Benefits of exercising during pregnancy:
Benefits for labour:
The first trimester refers to the first ten weeks after conception, or the first twelve weeks after the first day of your last menstrual period. This is a period of significant change, where cells are growing and differentiating quickly to form tissues, organs and entire body systems. The hormonal changes that occur during early pregnancy impact how your body systems will operate throughout your pregnancy. It is usually these hormonal changes that cause the common and unpleasant symptoms that you experience during the first trimester, such as nausea, dizziness and fatigue. Exercise can stimulate early growth of the placenta and helps your body to better adapt to pregnancy, improving your symptoms.
Exercising during the first trimester can be a challenge. Your blood volume increases while blood pressure decreases, making you more prone to low energy, dizziness, rapid heart rate and shortness of breath.

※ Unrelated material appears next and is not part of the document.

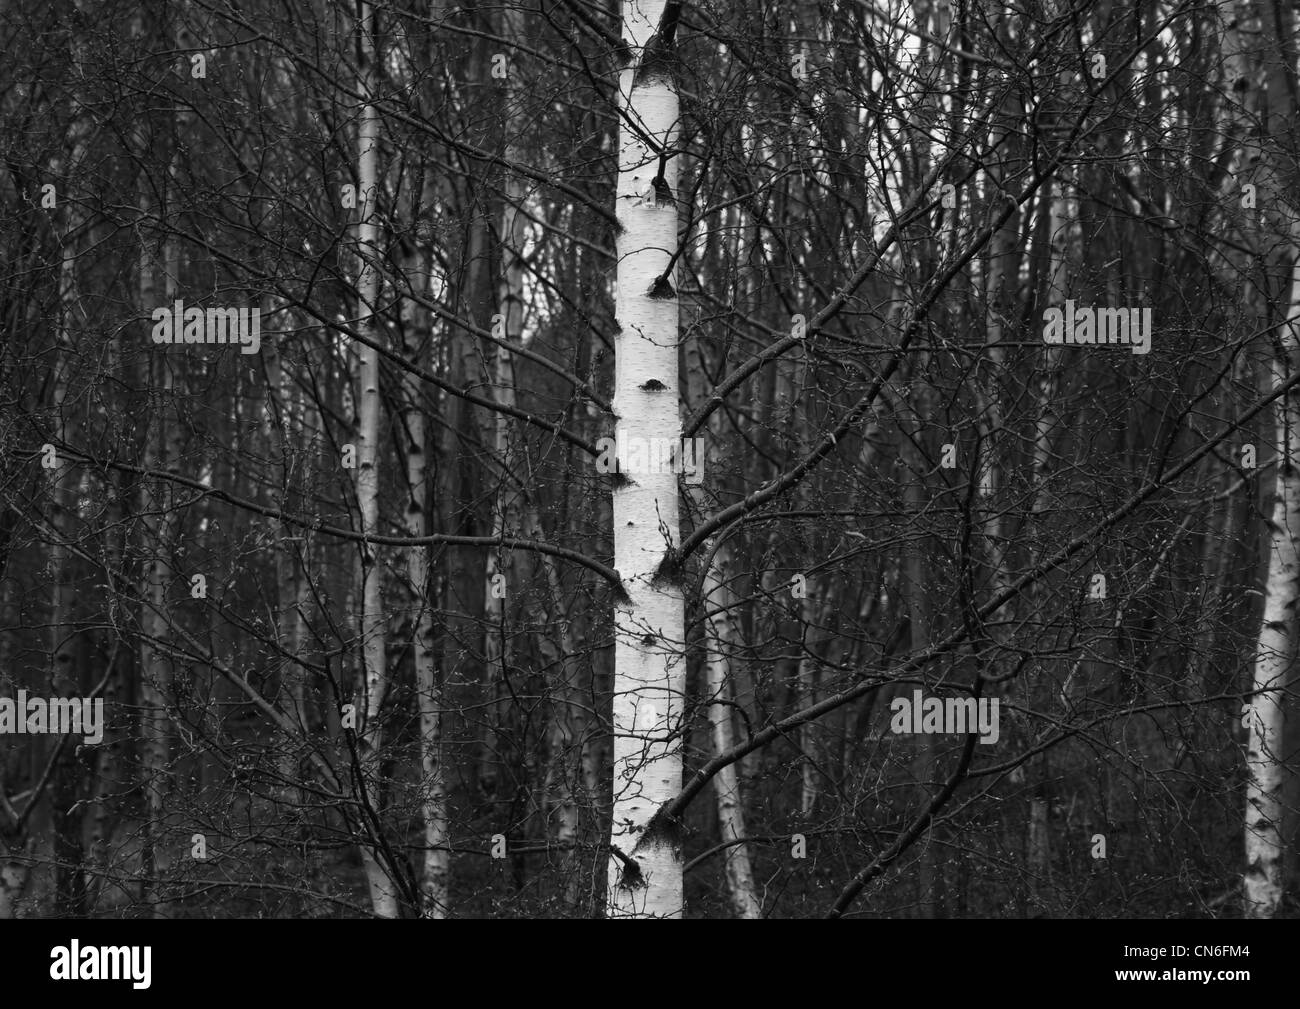 Les bouleaux du paysage en noir et blanc. Prise à Glen Gore en Ecosse. Banque D'Images

Women who exercised regularly pre-pregnancy may notice these changes during their workouts before actually realising they are pregnant. Morning sickness and fatigue can make exercising less than appealing, but many women find that even 10-15 minutes of gentle exercise such as walking can temporarily relieve their symptoms and give them a much-needed energy boost. Your pregnancy is a priority at this time. Always use your common sense and be guided by how you feel. If your fatigue or nausea is so extreme that you cannot make it through a workout, you may need to take it easy for a few weeks until your symptoms start to settle.
Before and during exercise, you must take note of how you are feeling; including any injuries, illness or fever; vaginal bleeding or cramping, and any sudden onset of new pain, especially around the abdomen or pelvis. It is important to prevent overheating your body, so avoid exercising in hot or humid conditions and stay hydrated. Hydration is essential for maintaining a stable cardiovascular system, especially during early pregnancy when the changes to blood volume and blood pressure have not yet resolved. Maintain regular fluid and salt intake throughout the day and especially during exercise. Check the colour of your urine for dehydration, it should be light yellow or straw-coloured, and don’t exercise if you think you may be dehydrated.
Time eating with exercise to maintain stable blood sugar levels and minimise unpleasant symptoms such as nausea and dizziness. Eat a small snack of complex carbohydrates about an hour before exercising and eat another small snack immediately after exercising. Ideally, exercise in the morning and drink a liquid snack during exercise, followed by a small breakfast rich in complex carbohydrates. Eat regularly, at least every 4 hours.
It is important to avoid excessive fatigue in pregnancy, and both exercise and rest are equally important. A good way to ensure you are getting a balance of activity and rest is to plan one hour of quiet rest time or “me time” for every hour of exercise you do. For those women who are already looking after young children, make sure you keep an energy reserve to look after your children after your workout.